-- Prompt --
Everything in the data below is to be reproduced without any deviation.

-- Exercise material --

= Beginning of Section =

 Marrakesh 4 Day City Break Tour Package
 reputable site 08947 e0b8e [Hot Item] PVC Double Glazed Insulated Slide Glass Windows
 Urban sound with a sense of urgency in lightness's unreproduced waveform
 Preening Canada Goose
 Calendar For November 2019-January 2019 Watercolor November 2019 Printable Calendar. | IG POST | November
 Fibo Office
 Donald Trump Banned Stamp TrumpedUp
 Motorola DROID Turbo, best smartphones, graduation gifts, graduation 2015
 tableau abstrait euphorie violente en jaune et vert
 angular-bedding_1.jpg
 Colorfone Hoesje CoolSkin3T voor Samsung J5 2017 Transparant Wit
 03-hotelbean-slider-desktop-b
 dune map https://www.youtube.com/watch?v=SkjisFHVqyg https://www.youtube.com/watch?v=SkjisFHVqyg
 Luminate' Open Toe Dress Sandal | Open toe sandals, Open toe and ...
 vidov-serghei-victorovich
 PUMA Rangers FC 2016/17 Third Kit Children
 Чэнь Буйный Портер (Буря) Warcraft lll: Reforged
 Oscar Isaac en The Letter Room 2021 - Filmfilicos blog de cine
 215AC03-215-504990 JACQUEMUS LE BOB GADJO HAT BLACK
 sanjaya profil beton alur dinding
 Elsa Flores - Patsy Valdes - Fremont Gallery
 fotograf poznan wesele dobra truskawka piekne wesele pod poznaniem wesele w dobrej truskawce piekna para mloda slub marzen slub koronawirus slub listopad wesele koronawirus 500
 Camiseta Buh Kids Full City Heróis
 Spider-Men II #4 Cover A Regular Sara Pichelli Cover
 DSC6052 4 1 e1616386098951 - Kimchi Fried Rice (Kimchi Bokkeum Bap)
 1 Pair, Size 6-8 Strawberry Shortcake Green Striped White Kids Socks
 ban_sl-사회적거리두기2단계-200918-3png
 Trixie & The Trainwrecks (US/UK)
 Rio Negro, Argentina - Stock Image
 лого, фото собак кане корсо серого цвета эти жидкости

= End of Section =

-- Exercise answer --
 Marrakesh 4 Day City Break Tour Package
 reputable site 08947 e0b8e [Hot Item] PVC Double Glazed Insulated Slide Glass Windows
 Urban sound with a sense of urgency in lightness's unreproduced waveform
 Preening Canada Goose
 Calendar For November 2019-January 2019 Watercolor November 2019 Printable Calendar. | IG POST | November
 Fibo Office
 Donald Trump Banned Stamp TrumpedUp
 Motorola DROID Turbo, best smartphones, graduation gifts, graduation 2015
 tableau abstrait euphorie violente en jaune et vert
 angular-bedding_1.jpg
 Colorfone Hoesje CoolSkin3T voor Samsung J5 2017 Transparant Wit
 03-hotelbean-slider-desktop-b
 dune map https://www.youtube.com/watch?v=SkjisFHVqyg https://www.youtube.com/watch?v=SkjisFHVqyg
 Luminate' Open Toe Dress Sandal | Open toe sandals, Open toe and ...
 vidov-serghei-victorovich
 PUMA Rangers FC 2016/17 Third Kit Children
 Чэнь Буйный Портер (Буря) Warcraft lll: Reforged
 Oscar Isaac en The Letter Room 2021 - Filmfilicos blog de cine
 215AC03-215-504990 JACQUEMUS LE BOB GADJO HAT BLACK
 sanjaya profil beton alur dinding
 Elsa Flores - Patsy Valdes - Fremont Gallery
 fotograf poznan wesele dobra truskawka piekne wesele pod poznaniem wesele w dobrej truskawce piekna para mloda slub marzen slub koronawirus slub listopad wesele koronawirus 500
 Camiseta Buh Kids Full City Heróis
 Spider-Men II #4 Cover A Regular Sara Pichelli Cover
 DSC6052 4 1 e1616386098951 - Kimchi Fried Rice (Kimchi Bokkeum Bap)
 1 Pair, Size 6-8 Strawberry Shortcake Green Striped White Kids Socks
 ban_sl-사회적거리두기2단계-200918-3png
 Trixie & The Trainwrecks (US/UK)
 Rio Negro, Argentina - Stock Image
 лого, фото собак кане корсо серого цвета эти жидкости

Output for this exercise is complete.